For those of you who are wondering what my recent Google Reader shared item comment was all about, here you go. I’ve explained it over IM twice, and I think it deserves a proper blog post:
We all like having RSS-feeds for everything, right? That way we can catch up with the world in one place.
So Facebook have RSS feeds for friends’ status updates, notes, and shared posts. These feeds look something like http://www.facebook.com/feeds/friends_status.php?id=530720481&key=0dead0beef&format=rss20
. And all the feeds have the same key.
Yes, we’d rather they used HTTP-Digest password authentication, but not many RSS readers support that, and you’d never give anyone that feed url, right?
Well, no. If I read something cool in one of these Facebook-feeds in Google Reader and I share it with my Google Reader friends, they’ll all get the full feed URL. Now they can read all my friends’ status updates, notes, and shared items.
One of my Facebook friends might be paranoid, and writing about very personal stuff on Facebook. As a Facebook user, he could have set his privacy settings so that only his friends can read his notes. However, now all my Google Reader friends can too.

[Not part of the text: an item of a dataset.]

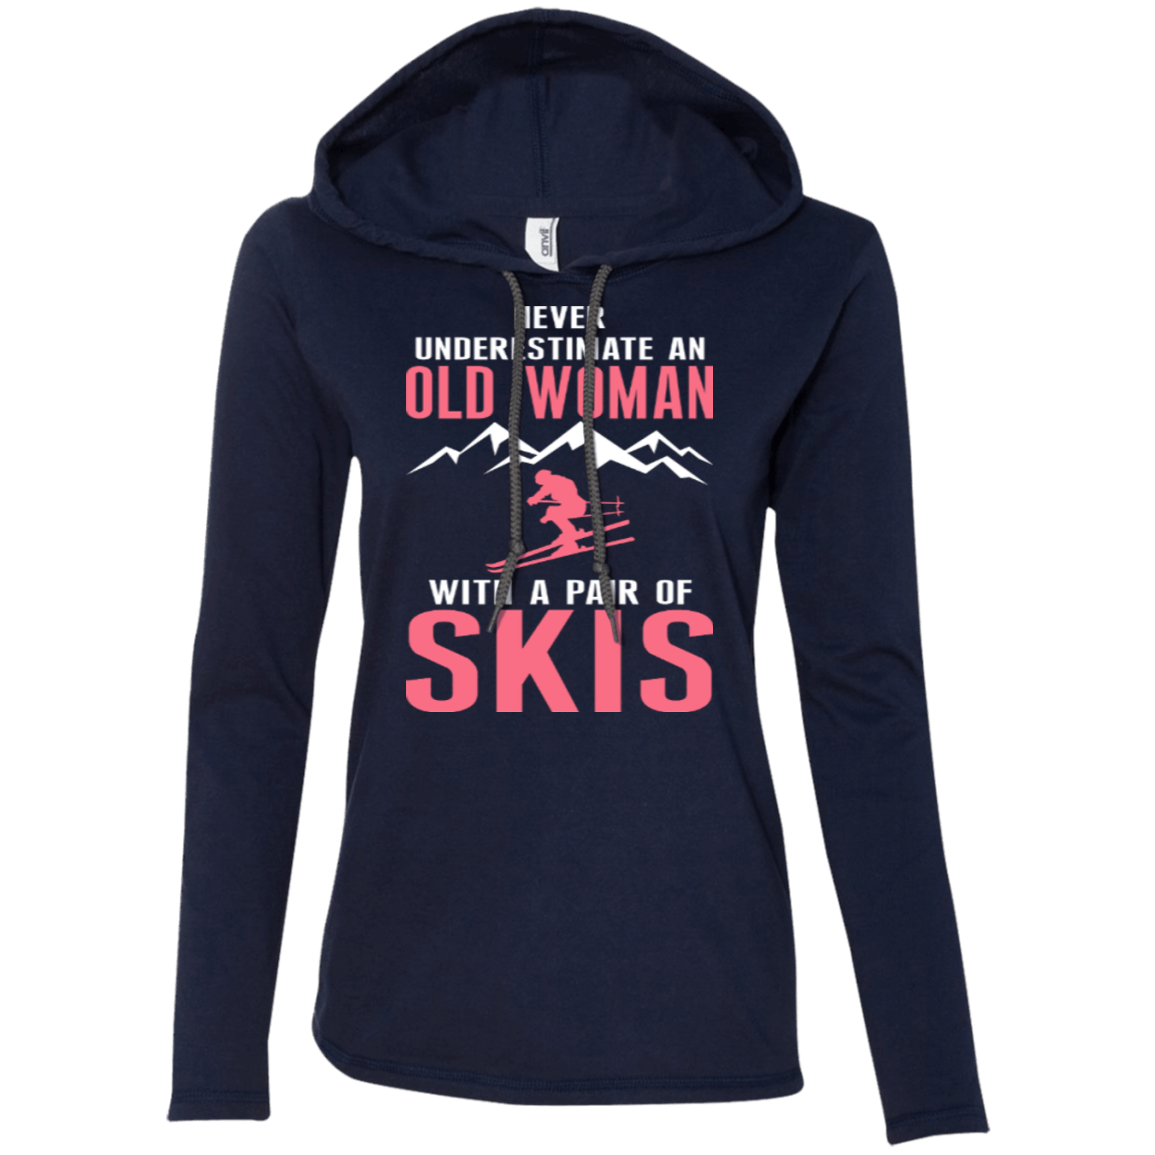 Never Underestimate An Old Woman With A Pair Of Skis Hoodies - Powderaddicts

In this case, this isn’t a big problem, because there’s very little interesting content on Facebook, and hopefully no trade secrets. Obviously these problems apply to services besides Facebook and Google Reader, but these are good examples. Also a friend of mine shared his key recently ;-)
But it gets worse, Google Reader has a feed directory and feed discover page. Searching it reveals lots of such ID, key combinations. And generally Googling reveals 30-odd such pairs that have leaked onto the general Internet.
So. If you are implementing RSS feeds with private data in them, please don’t use an in-URL key. Rather submit patches to all your favourite feed-readers adding support for HTTP-authentication (and in the case of Google Reader, maybe don’t use it for private feeds).